I could be totally wrong here but.... Since conductivity probes (which the G3/6 has) are highly sensitive to salts (eg KN03 etc) then in theory it can tell you how your plants are talking up your fertilizer. If conductivity is dropping then you are not fertilizing enough. If conductivity is rising it could mean you are dosing too much?

There are alot of other factors that can affect conductivity (eg. waste build up etc) so I guess you would expect some raising of conductivity between water changes. But again IMO extreme increases in conductivity could mean over fertilizing. But to ascertain this you must rule out any other causes like a dead fish in the aquarium, dying plant matter etc.

Please feel free to correct me anyone if I am totally off track with this one. 

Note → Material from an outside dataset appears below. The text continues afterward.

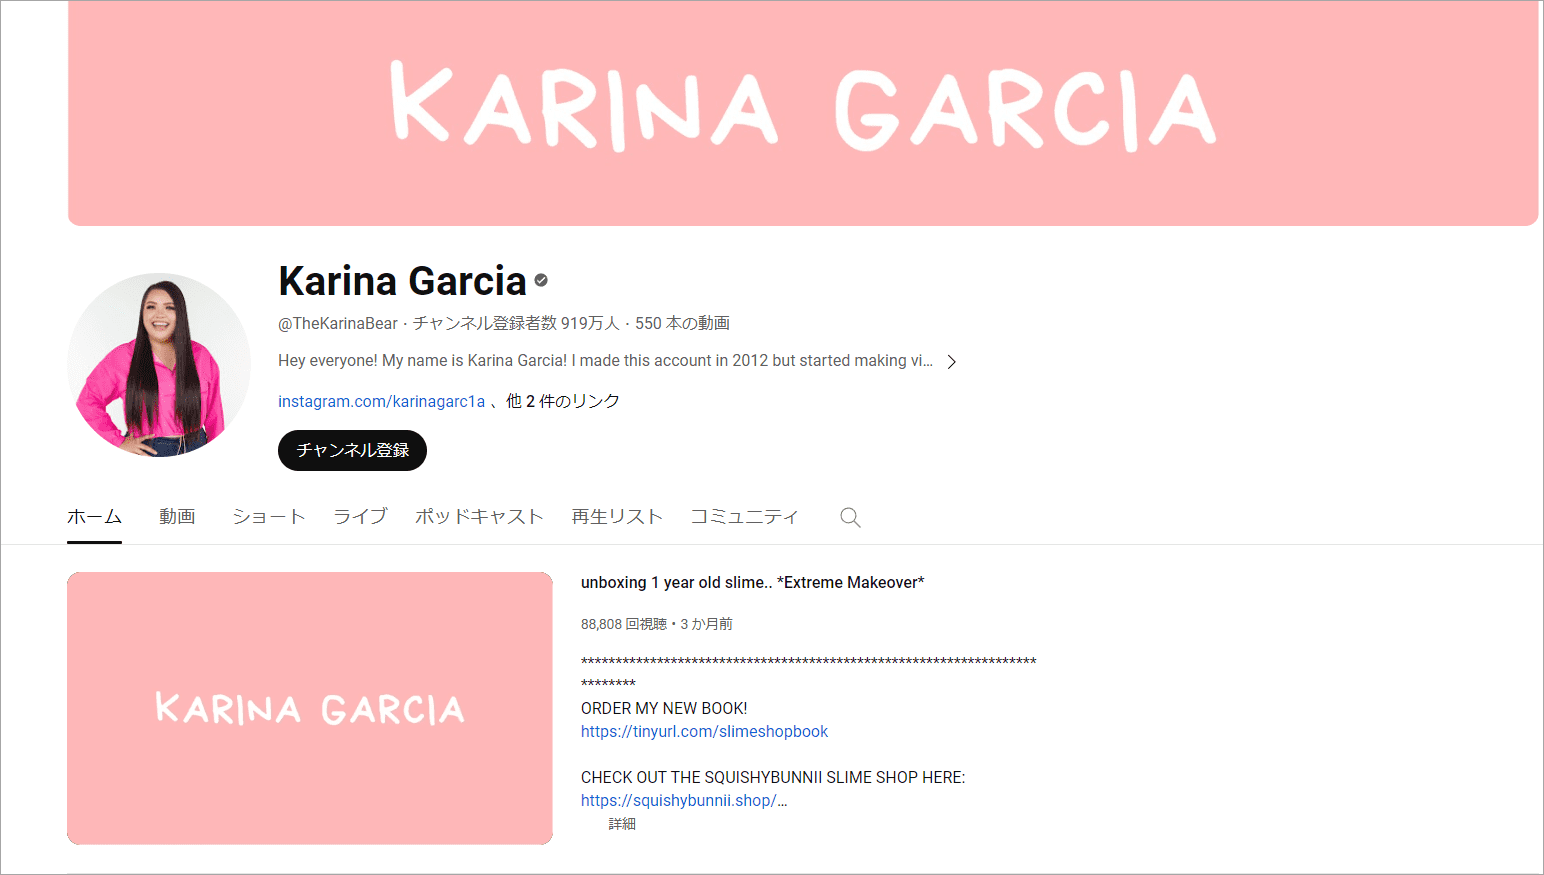 Karina Garcia

I understand that some fertilizing techniques require / advocate the use of high fertilizer levels. In this case drops in conductivity could be the more important factor.

Regards

Dave


----------



## George Farmer (31 Aug 2010)

Thanks, Dave!


----------



## Graeme Edwards (31 Aug 2010)

IM getting a G6 this weekend.

Interesting point about conductivity - Could this really be the case? One for the science bods on here  8)


----------



## dkm (31 Aug 2010)

Yes a expert opinion would be good. 

Graeme. You wont be disappointed. They are a quality piece of kit. But bear in mind the mechanical filters need replacing every few months depending on how dirty your water is. And at Â£27.99 are not that cheap. I have a couple so I can just swap over every few weeks and while one is running give the other one a really good clean.

Regards

Dave


----------



## dw1305 (31 Aug 2010)

Hi all,
It is exactly as Dave says, the conductivity meter just measures the total amount of dissolved salts in the system. 
Pure H20 is an electrical insulator, it is only a conductor when is a solution.  The meter passes a current through the liquid, it measures the percentage of the current arriving at the reference electrode. - "_.... conductivity meters employ a potentiometric method and four electrodes. The electrodes are usually made of platinum metal. An alternating current is applied to the outer pair of the electrodes. The potential between the inner pair is measured. Conductivity could in principle be determined using the distance between the electrodes and their surface area using the Ohm's law but generally, for accuracy, a calibration is employed using electrolytes of well-known conductivity_." You also need to take into account the temperature. <http://en.wikipedia.org/wiki/Electrical_conductivity_meter>

What the meter doesn't tell you is what the salts are, for this feature to be useful you would need to measure the conductivity after you have added your initial EI salts to the tank (I'm assuming you using 100% R.O. which would have very low conductivity, so initially  ~ 10microS.) add the salts and record the value. That is then your datum and should be close to the level measured after your water change and EI addition. If the conductivity rises over time, you need a bigger percentage volume water change. It isn't very useful for telling you if you have a (potential) deficiency, as an element may be limiting plant growth whilst others are still fully available and the conductivity is still near the datum value.

cheers Darrel


----------



## George Farmer (31 Aug 2010)

Well, I've been running one for a couple of weeks now and it's by far the best filter I've ever used.  I'll do a full review at some point.


----------



## dkm (31 Aug 2010)

Your not wrong there George. 

Come on guys everyone get one. Might bring the price down.  

regards

Dave


----------



## sanj (7 Sep 2010)

George Farmer said:
			
		

> Well, I've been running one for a couple of weeks now and it's by far the best filter I've ever used.  I'll do a full review at some point.



I should think so to George, given the price of those things. Apart from price for me they are too small and no 2080/fx5 equivalents. Unless they have made a big brother and I have not noticed??

It would be nice to see a review, but also what we often dont see with reviews is use over longer term. Is there more to go wrong on these filters with all their nikynackynoos.


----------